Set the listing down again in full, word for word, with the pictures left out.
━━━━━ Input data ━━━━━
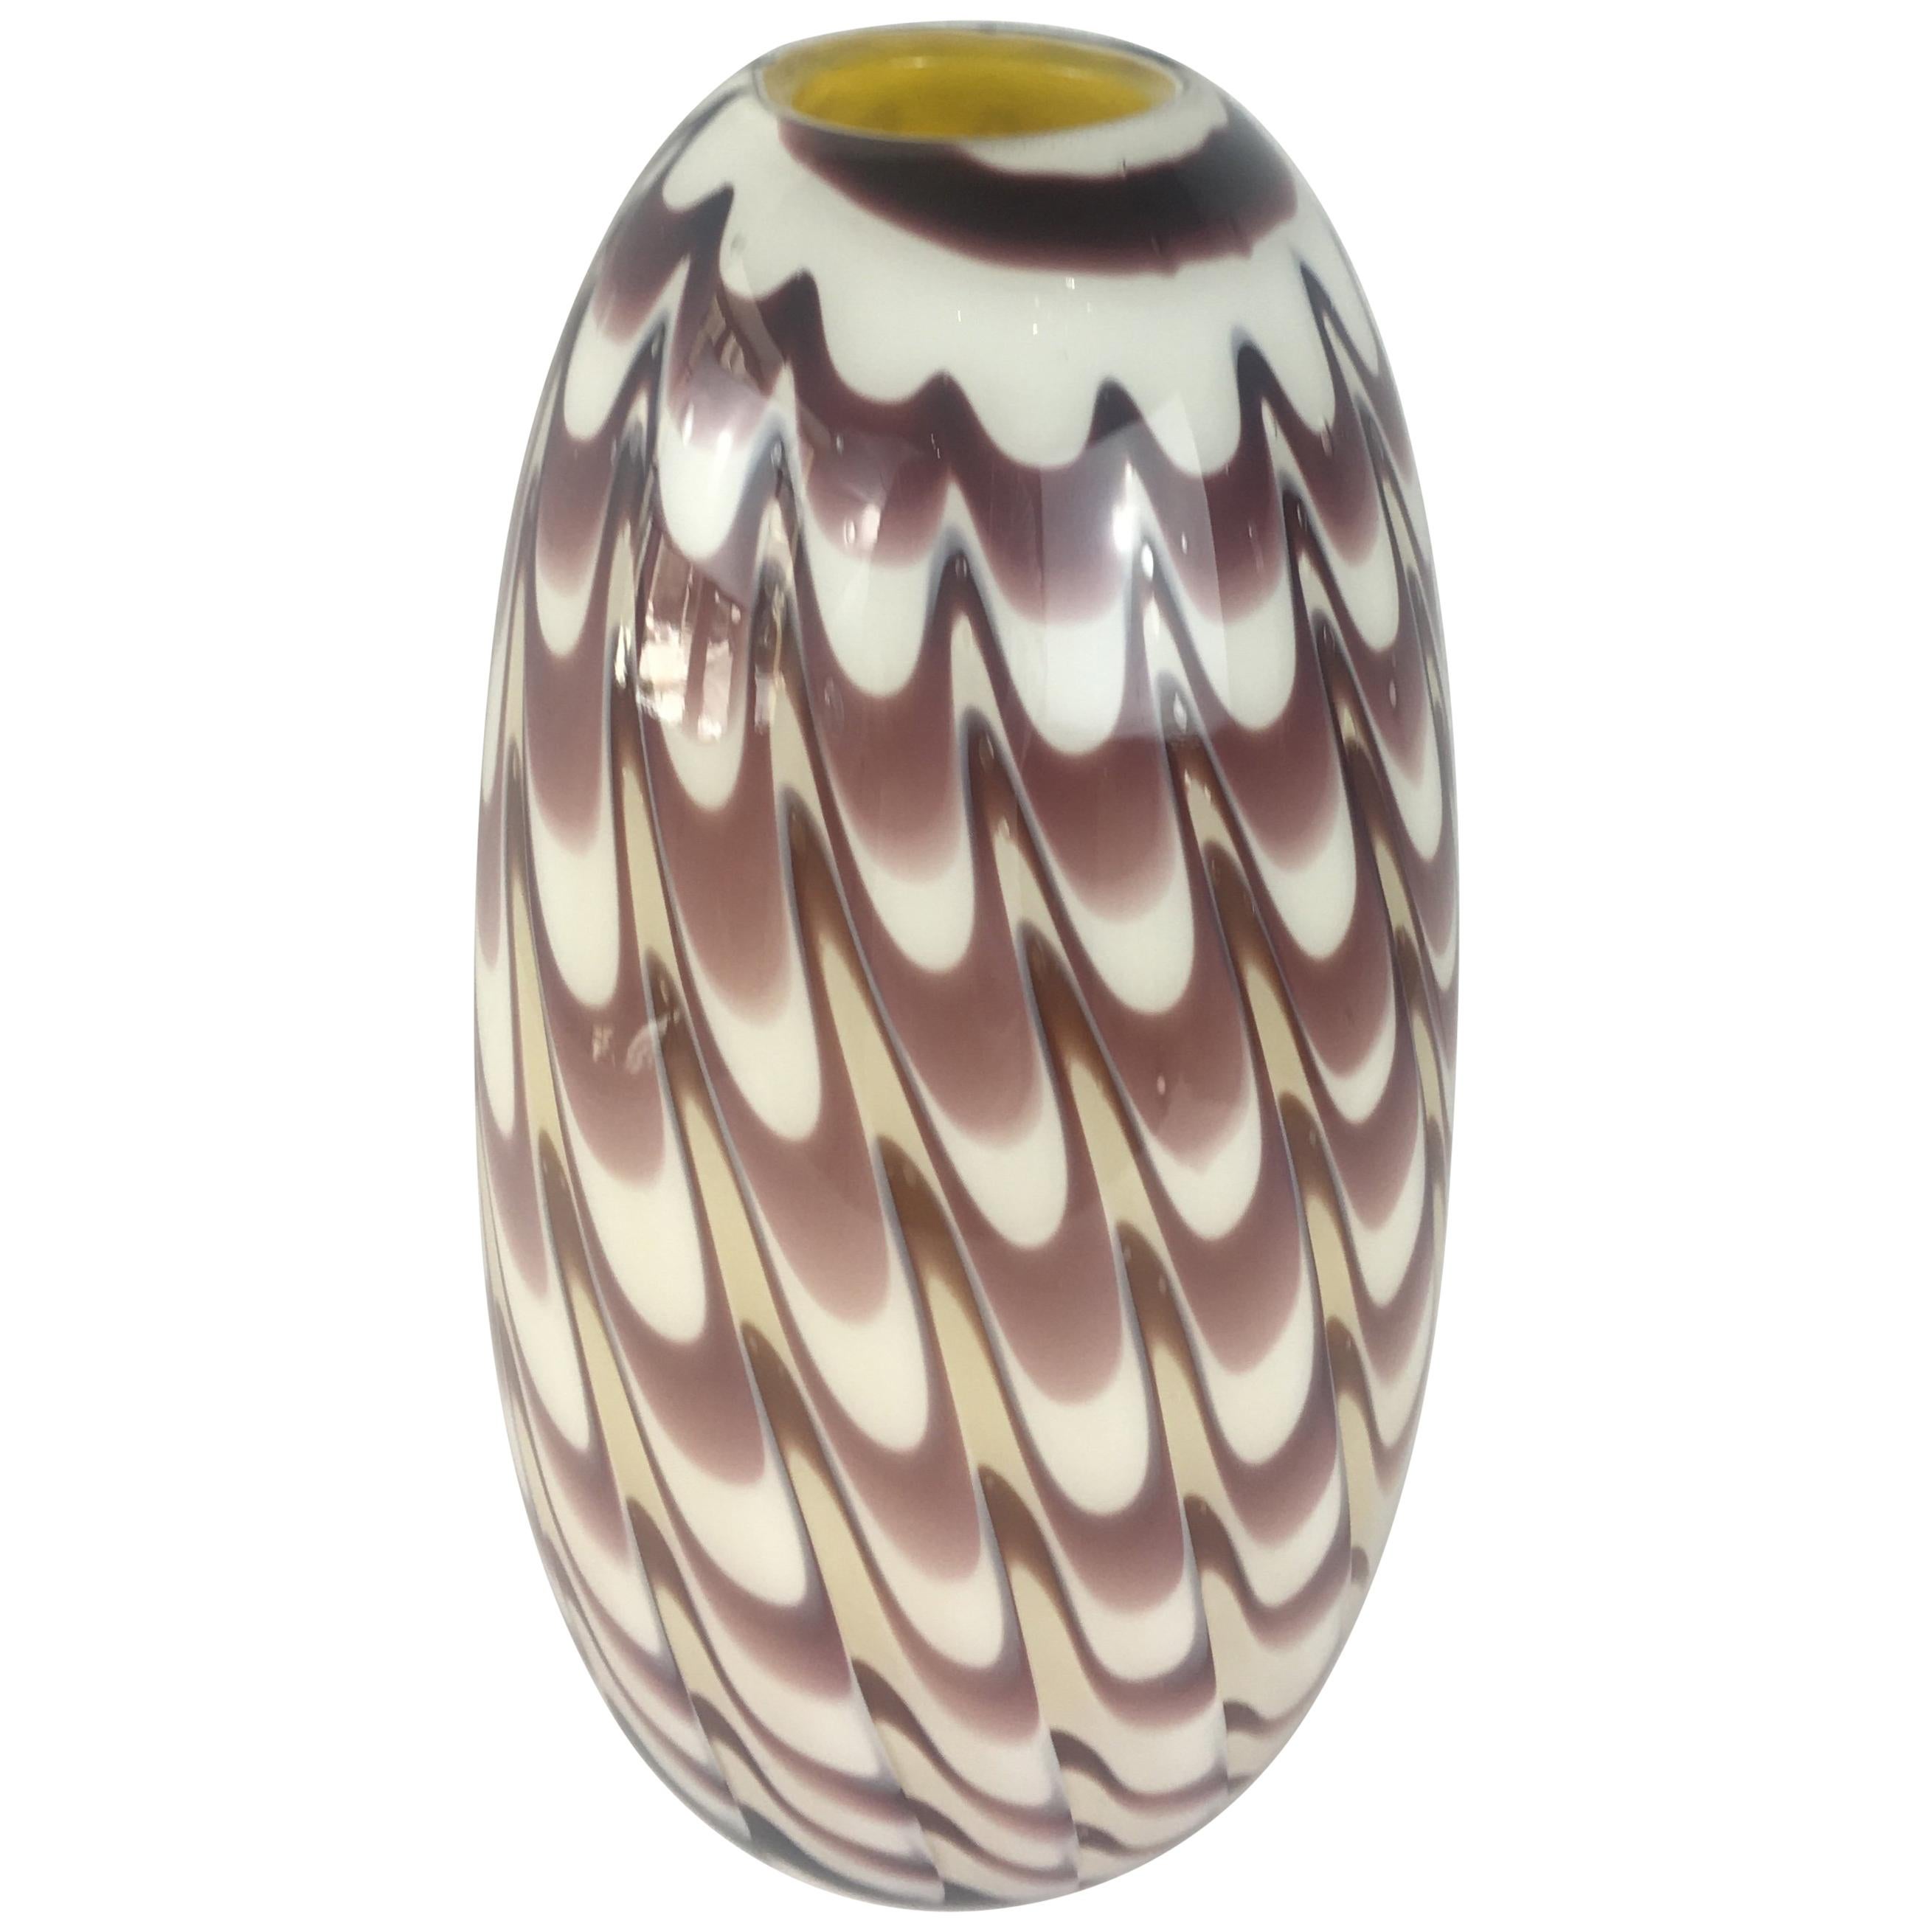 Formia 1970s Fenicio Feather Decorated Purple Brown Murano Art Glass Vase
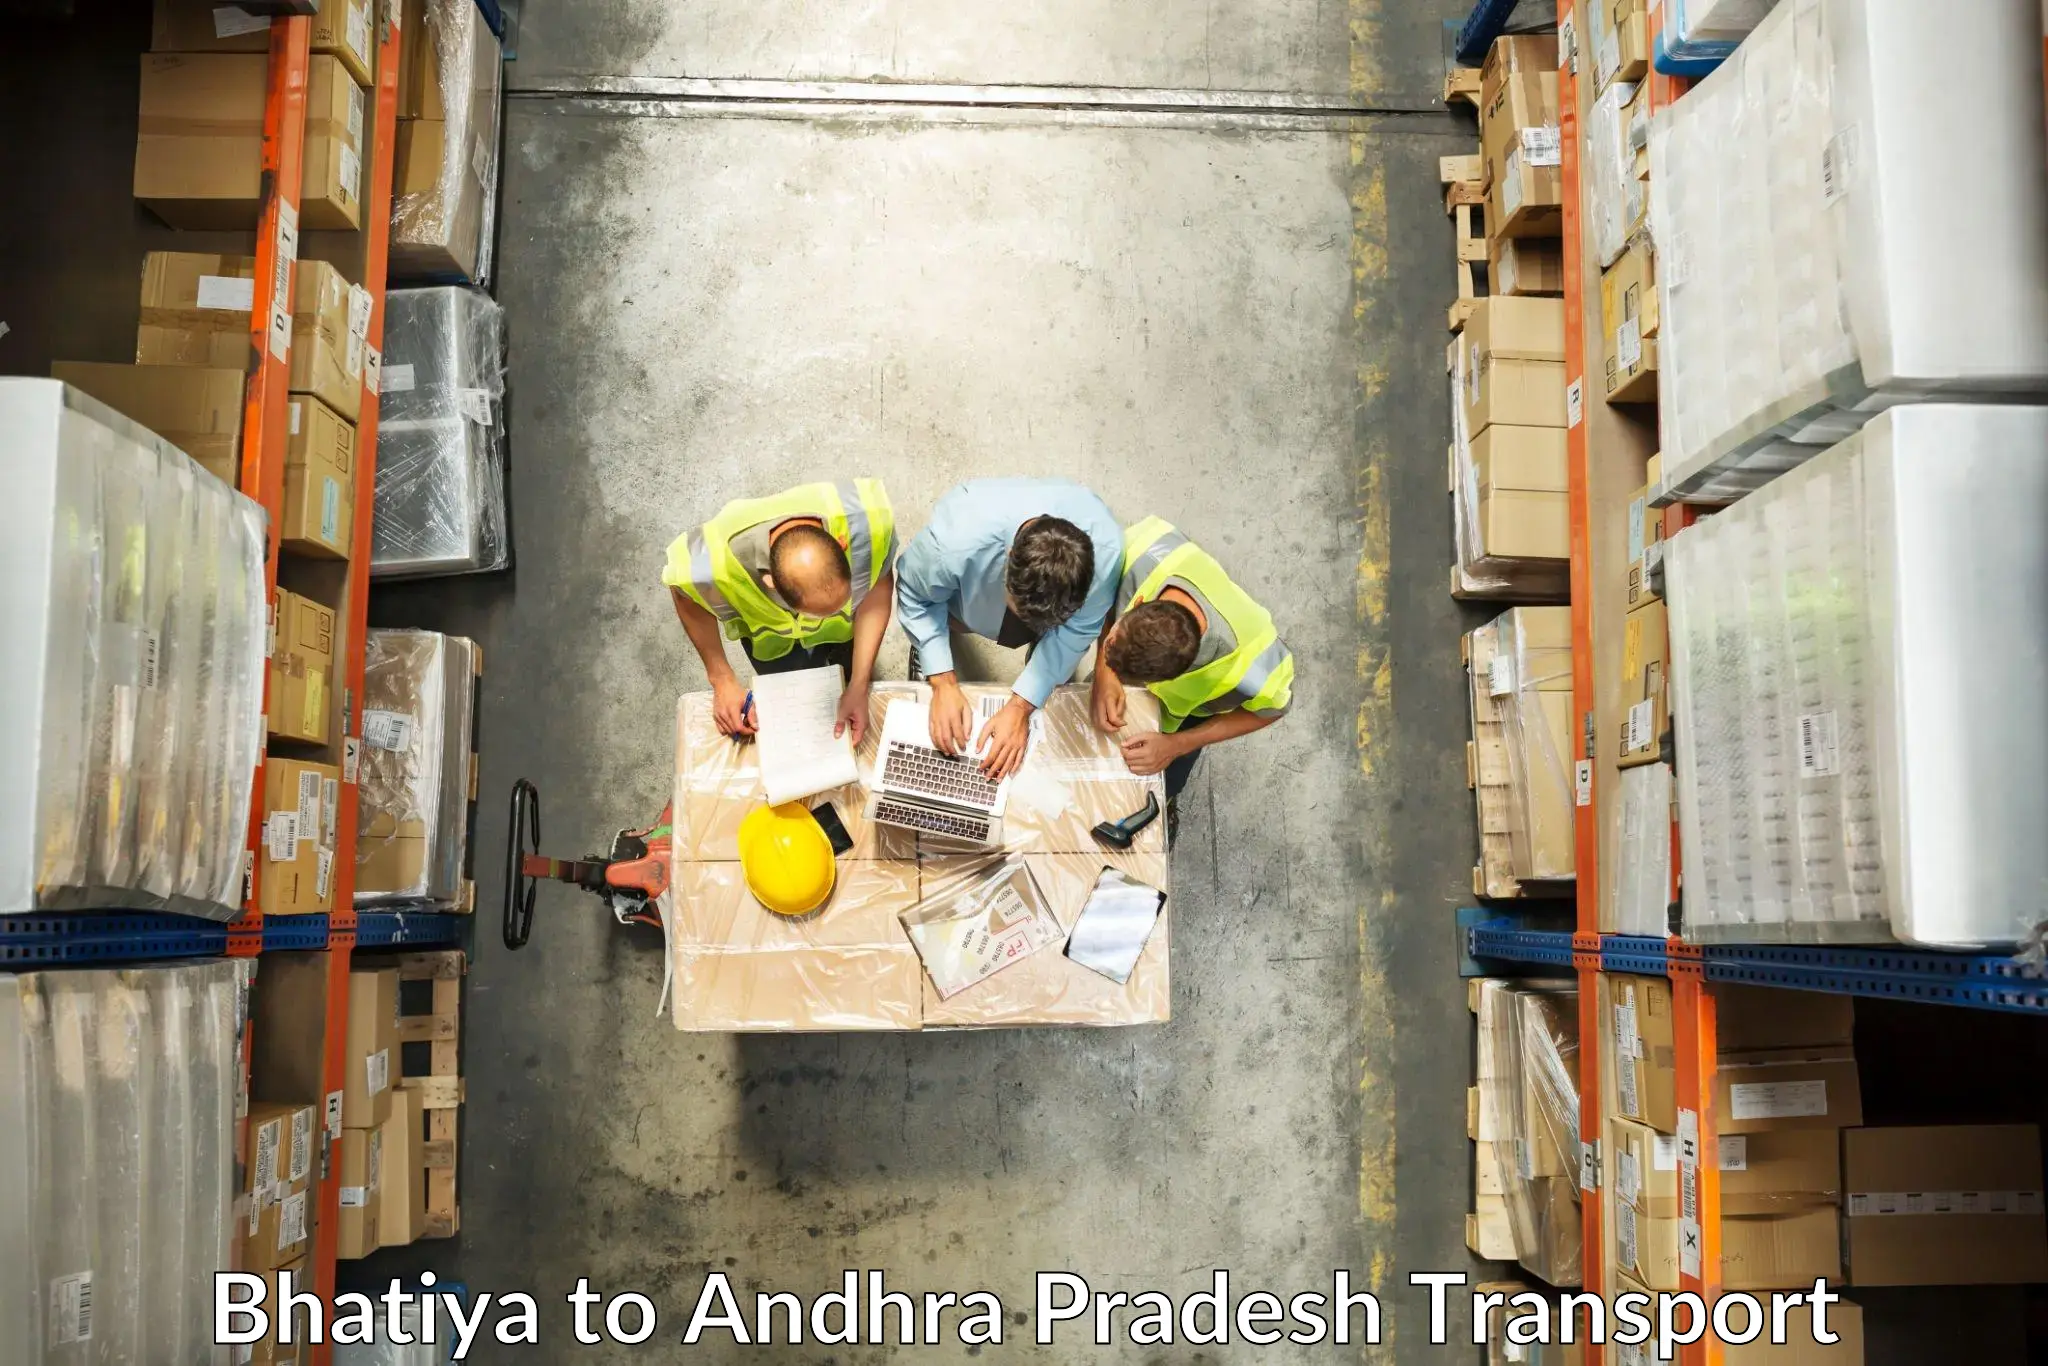 Truck transport companies in India Bhatiya to Kandukur
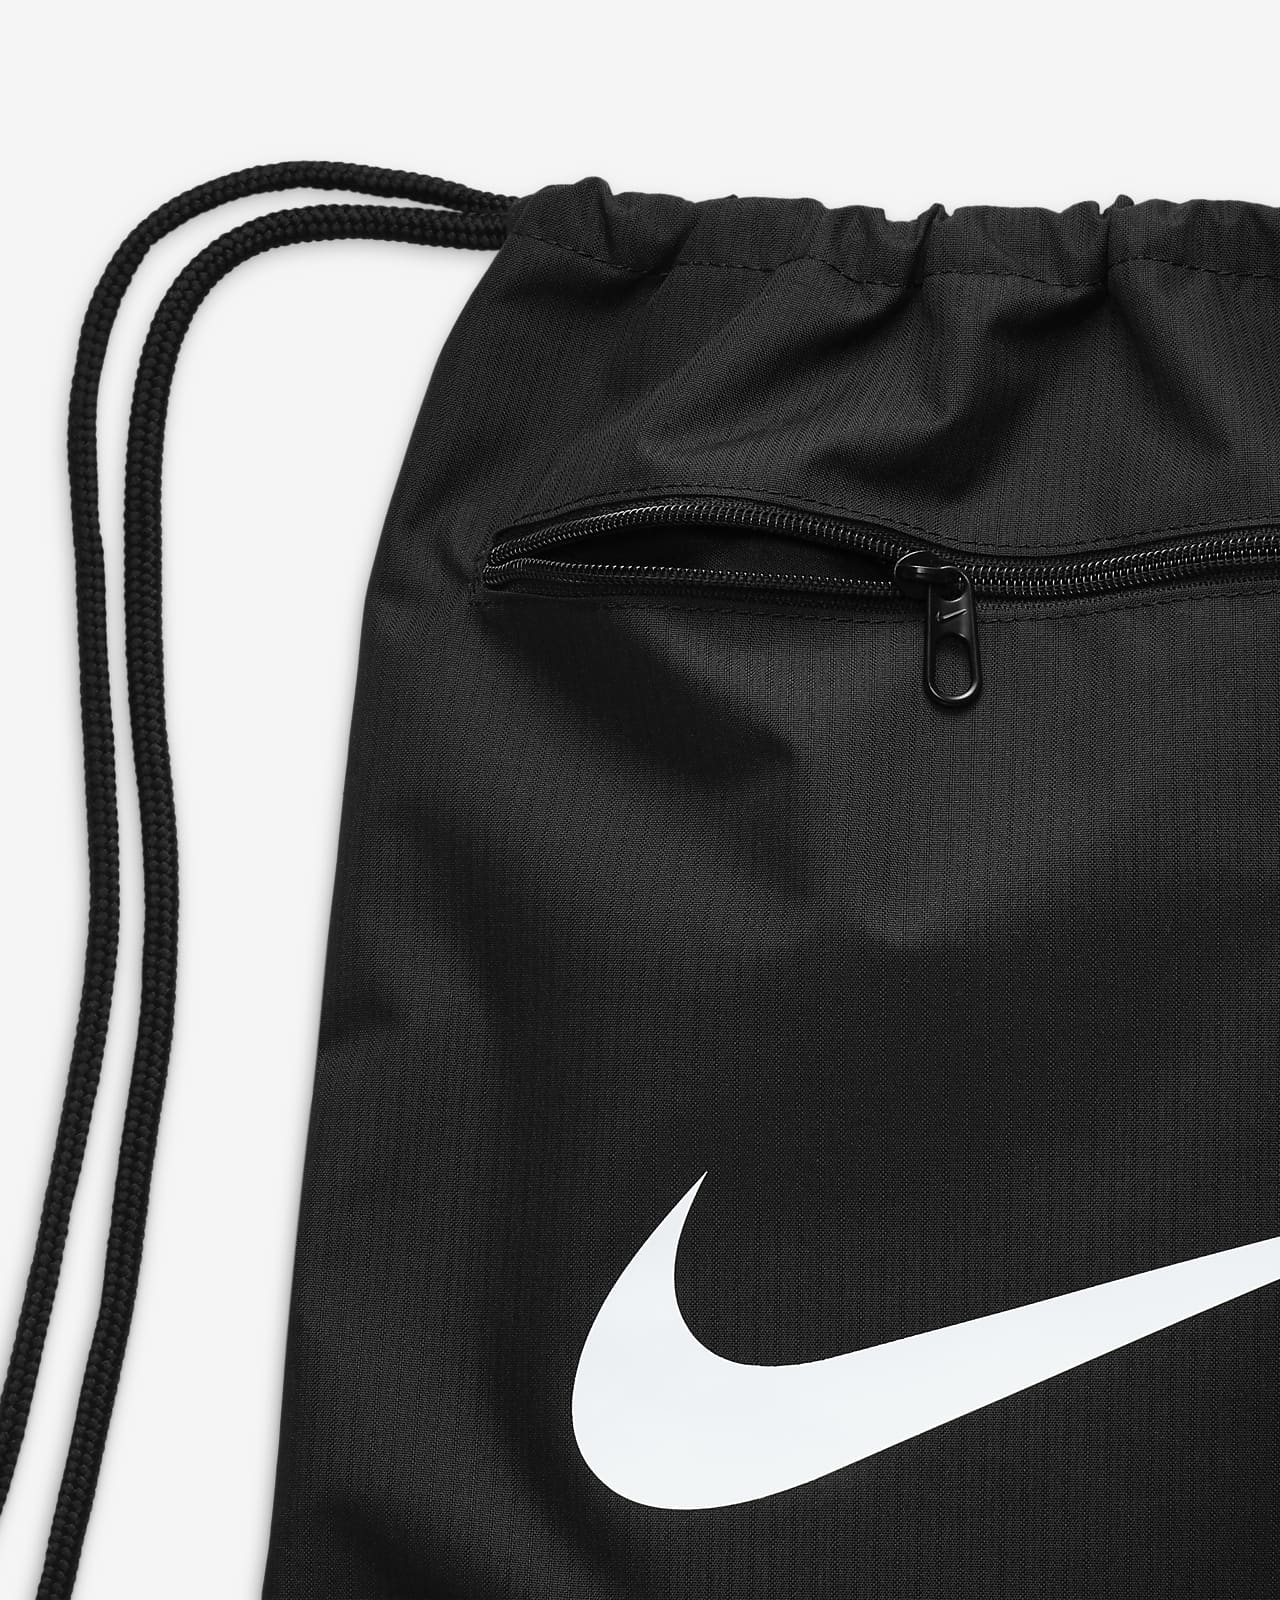 Bag Nike Brasilia 9.5 XS
━━━━━
### [Solution]
 Formia 1970s Fenicio Feather Decorated Purple Brown Murano Art Glass Vase
 Truck transport companies in India Bhatiya to Kandukur
 Bag Nike Brasilia 9.5 XS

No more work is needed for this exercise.